- Pitcher
- Born: April 4, 1933 Walnutport, Pennsylvania, U.S.
- Died: July 7, 2021 (aged 88) Allentown, Pennsylvania, U.S.
- Batted: RightThrew: Right

MLB debut
- September 27, 1958, for the Cincinnati Redlegs

Last MLB appearance
- April 24, 1960, for the Cincinnati Reds

MLB statistics
- Win–loss record: 0–1
- Earned run average: 9.95
- Innings pitched: 6⅓
- Stats at Baseball Reference

Teams
- Cincinnati Redlegs/Reds (1958, 1960);

= Ted Wieand =

American baseball player (1933–2021)

Franklin Delano Roosevelt "Ted" Wieand (April 4, 1933 – July 7, 2021) was an American professional baseball pitcher who appeared in six games (all in relief) in Major League Baseball (MLB) over parts of two seasons (1958 and 1960) for the Cincinnati Reds. Born in Walnutport, Pennsylvania, he threw and batted right-handed, stood 6 ft 2 in tall and weighed 195 lb.

==Early career==
Wieand signed with the St. Louis Cardinals in 1952. On December 5, 1957, he was traded to the Cincinnati Redlegs (as the Reds were then called) with fellow pitchers Marty Kutyna and Willard Schmidt for young centerfielder Curt Flood and another outfielder, Joe Taylor. Flood became a three-time All-Star in St. Louis, a key member of three National League champions and winner of two World Series rings (1964 and 1967). Moreover, he changed the game of baseball by his 1969 legal challenge of the transfer system and reserve clause, eventually resulting in the Curt Flood Act of 1998, which limits Major League Baseball's antitrust exemption in labor matters.

==Major League Baseball==
===1958 season===
Wieand made his MLB debut on September 27, 1958, facing the Milwaukee Braves at County Stadium. He came into the game in the fourth inning in relief of Cincinnati starter Jay Hook. He pitched the fourth and fifth frames, giving up four hits and two runs, including a home run to Frank Torre—the first MLB batter he faced. He also struck out two, with Hall of Famer Warren Spahn being his first victim.

===1960 season===
Wieand did not appear in the major leagues again until April 14, 1960, when he faced the Pittsburgh Pirates at Forbes Field. He entered the game in the eighth inning to mop up and retired Pittsburgh in order, as the Pirates drubbed the Reds, 13–0.

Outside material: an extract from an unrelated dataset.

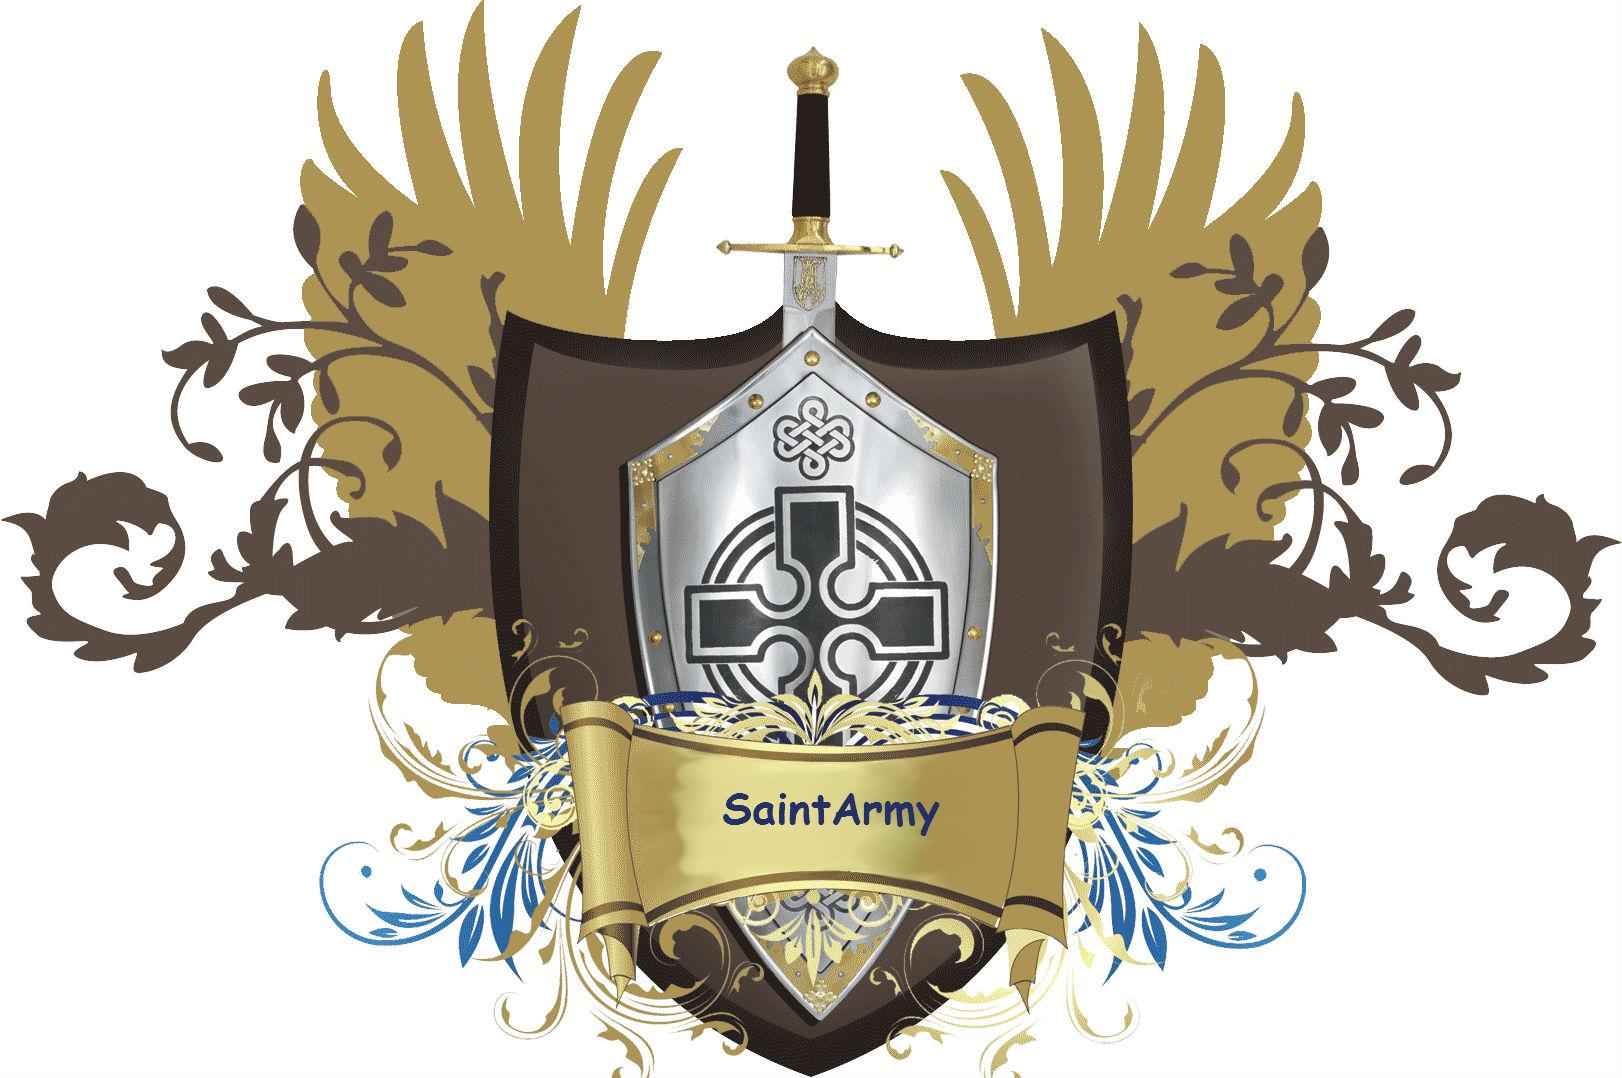 14 Октября 2013 - Saint Army
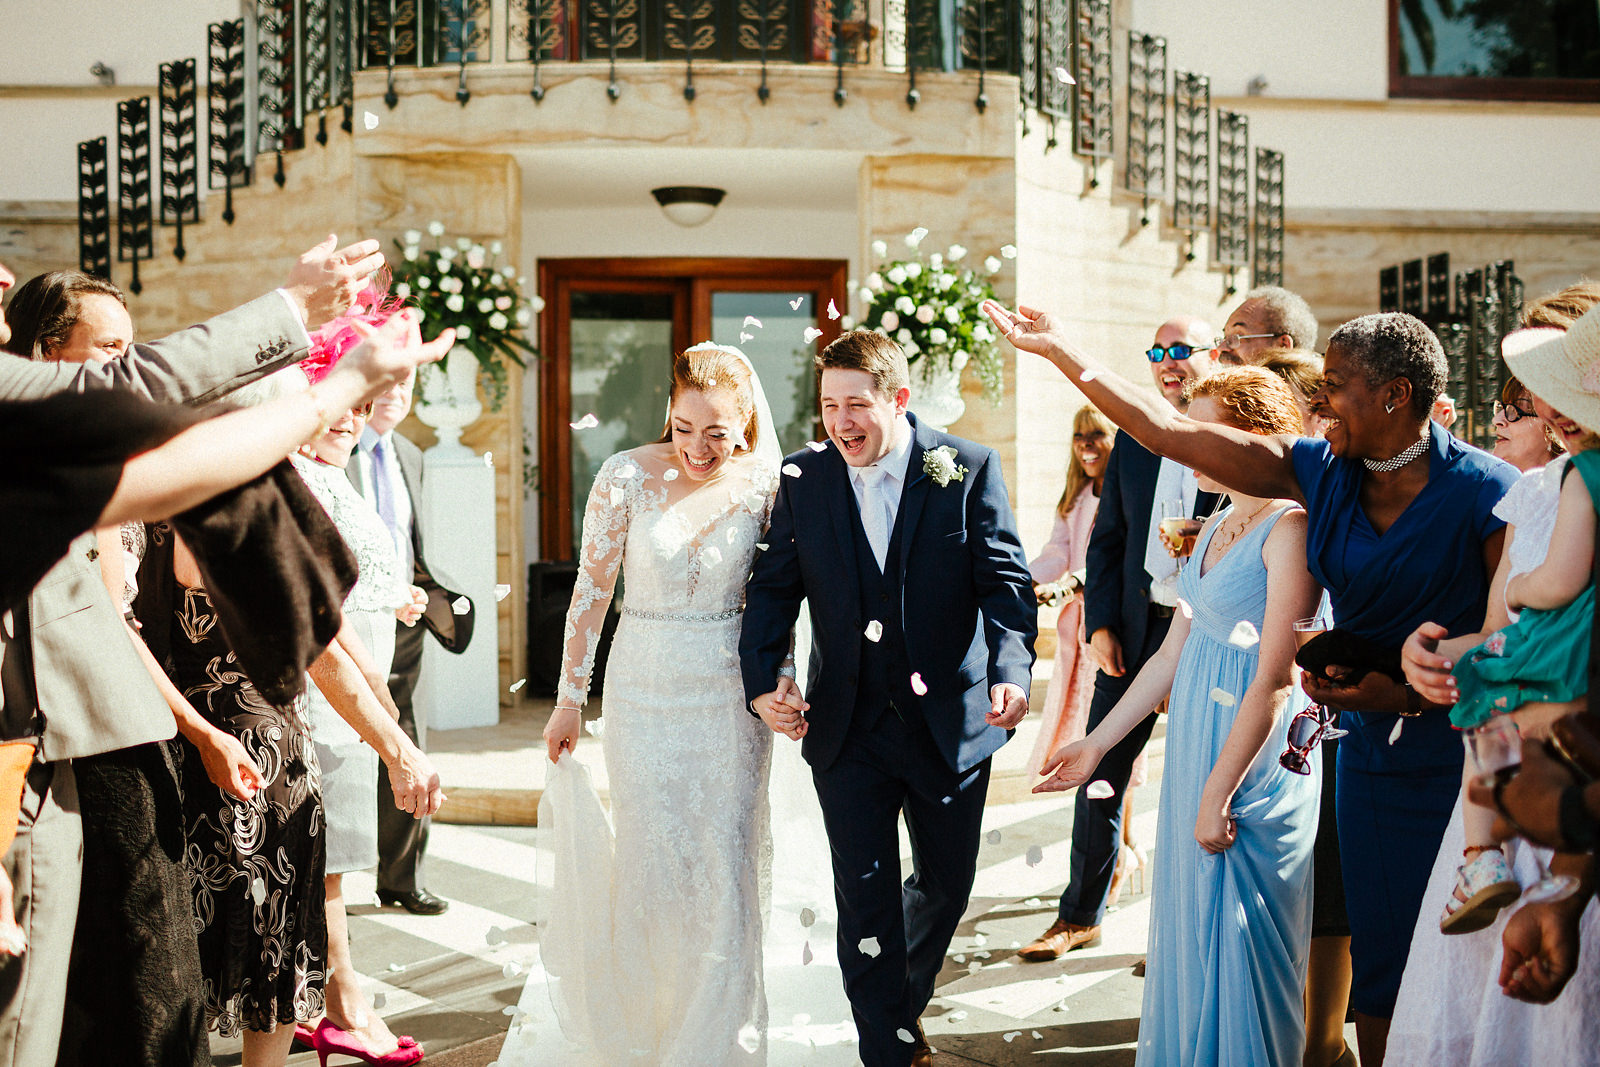 Wedding ceremony photos at Villa Antiche Mura Sorrento

Wieand next worked three days later in another game against the Pirates at Forbes Field. He came into the contest in the bottom of the ninth inning to preserve a 5–4 Reds' lead. After Don Hoak grounded out, Dick Groat singled to center. The next batter, Bob Skinner, slammed a home run to give the Pirates a 6–5 victory and Wieand his first and only major league decision. Three days later, he again appeared against the Braves at County Stadium. He came out of the bullpen in the bottom of the seventh inning, with the Reds trailing 4–1. He gave up one hit, one walk, and one strikeout. The hold was significant, however, as Cincinnati came back to win, 10–5, by scoring nine runs in the game's final three innings; Raúl Sánchez received credit for the victory.

Two days later, Wieand came into a game against the Philadelphia Phillies at Connie Mack Stadium in the eighth inning in a mop-up role with the Phillies leading the Reds, 10–6. Two days later, against the same Phillies and in the same stadium, he made his final appearance in the majors. He entered the game in the bottom of the eighth inning to replace starting pitcher Bob Purkey. The Reds were leading 5–4, but the Phillies were threatening with runners on second and third with no one out. Wieand intentionally walked Harry Anderson to load the bases. But the gambit backfired when Wieand was unable to find the plate, and walked Joe Koppe to force in the tying run. The next batter, Jimmie Coker, slammed his second career home run and the first grand slam of his career to give the Phillies an insurmountable 9–5 lead, with Purkey charged with the defeat. In his six MLB games, Wieand allowed eight hits and five walks in 6⅓ innings pitched; he fanned five. Three of the eight hits he permitted were home runs.

His pitching career continued in the minor leagues through 1962.

==Personal life==

Weiand was a longtime resident of Slatington, Pennsylvania, where he graduated from high school in 1951. He died on July 7, 2021, in an Allentown, Pennsylvania, hospital at age 88.